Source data
• • • • • • •
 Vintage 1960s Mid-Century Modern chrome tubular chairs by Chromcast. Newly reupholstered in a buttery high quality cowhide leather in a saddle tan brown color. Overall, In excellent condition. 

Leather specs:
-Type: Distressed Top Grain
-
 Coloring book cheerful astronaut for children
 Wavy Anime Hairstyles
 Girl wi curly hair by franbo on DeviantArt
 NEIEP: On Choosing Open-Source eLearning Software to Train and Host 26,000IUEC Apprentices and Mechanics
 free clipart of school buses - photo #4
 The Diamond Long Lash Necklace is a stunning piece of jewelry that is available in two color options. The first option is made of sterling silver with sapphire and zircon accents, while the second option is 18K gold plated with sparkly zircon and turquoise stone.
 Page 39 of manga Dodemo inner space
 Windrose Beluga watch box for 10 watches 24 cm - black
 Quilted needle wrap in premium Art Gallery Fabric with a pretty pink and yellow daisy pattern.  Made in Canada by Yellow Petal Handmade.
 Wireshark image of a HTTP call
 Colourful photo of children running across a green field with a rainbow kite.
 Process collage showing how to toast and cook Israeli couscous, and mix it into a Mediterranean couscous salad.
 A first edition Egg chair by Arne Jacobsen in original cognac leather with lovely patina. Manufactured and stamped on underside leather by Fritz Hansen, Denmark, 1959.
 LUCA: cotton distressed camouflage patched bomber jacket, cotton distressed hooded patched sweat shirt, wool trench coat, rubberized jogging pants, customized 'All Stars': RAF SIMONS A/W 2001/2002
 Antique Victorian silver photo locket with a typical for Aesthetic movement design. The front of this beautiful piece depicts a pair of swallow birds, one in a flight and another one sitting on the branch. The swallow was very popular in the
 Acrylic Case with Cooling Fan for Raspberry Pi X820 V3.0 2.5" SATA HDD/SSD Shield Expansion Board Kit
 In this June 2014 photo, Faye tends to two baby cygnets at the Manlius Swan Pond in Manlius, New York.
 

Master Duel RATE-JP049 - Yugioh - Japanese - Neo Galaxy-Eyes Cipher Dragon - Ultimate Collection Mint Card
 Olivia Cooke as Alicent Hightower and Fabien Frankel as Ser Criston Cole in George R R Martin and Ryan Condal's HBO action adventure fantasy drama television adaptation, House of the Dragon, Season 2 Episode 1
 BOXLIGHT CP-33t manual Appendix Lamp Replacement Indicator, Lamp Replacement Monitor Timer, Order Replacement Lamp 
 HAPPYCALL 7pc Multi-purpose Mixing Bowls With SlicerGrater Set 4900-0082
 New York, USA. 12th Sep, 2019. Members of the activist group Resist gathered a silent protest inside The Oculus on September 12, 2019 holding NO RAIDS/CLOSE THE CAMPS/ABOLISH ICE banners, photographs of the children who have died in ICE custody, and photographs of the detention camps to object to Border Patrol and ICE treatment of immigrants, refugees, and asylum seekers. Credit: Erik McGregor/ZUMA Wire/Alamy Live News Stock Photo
• • • • • • •
__Problem__.
Retype only this portion of the data above: the line containing "NEIEP: On Choosing", the line containing "A first edition", and all lines between them, exactly.

__Task response__.
 NEIEP: On Choosing Open-Source eLearning Software to Train and Host 26,000IUEC Apprentices and Mechanics
 free clipart of school buses - photo #4
 The Diamond Long Lash Necklace is a stunning piece of jewelry that is available in two color options. The first option is made of sterling silver with sapphire and zircon accents, while the second option is 18K gold plated with sparkly zircon and turquoise stone.
 Page 39 of manga Dodemo inner space
 Windrose Beluga watch box for 10 watches 24 cm - black
 Quilted needle wrap in premium Art Gallery Fabric with a pretty pink and yellow daisy pattern.  Made in Canada by Yellow Petal Handmade.
 Wireshark image of a HTTP call
 Colourful photo of children running across a green field with a rainbow kite.
 Process collage showing how to toast and cook Israeli couscous, and mix it into a Mediterranean couscous salad.
 A first edition Egg chair by Arne Jacobsen in original cognac leather with lovely patina. Manufactured and stamped on underside leather by Fritz Hansen, Denmark, 1959.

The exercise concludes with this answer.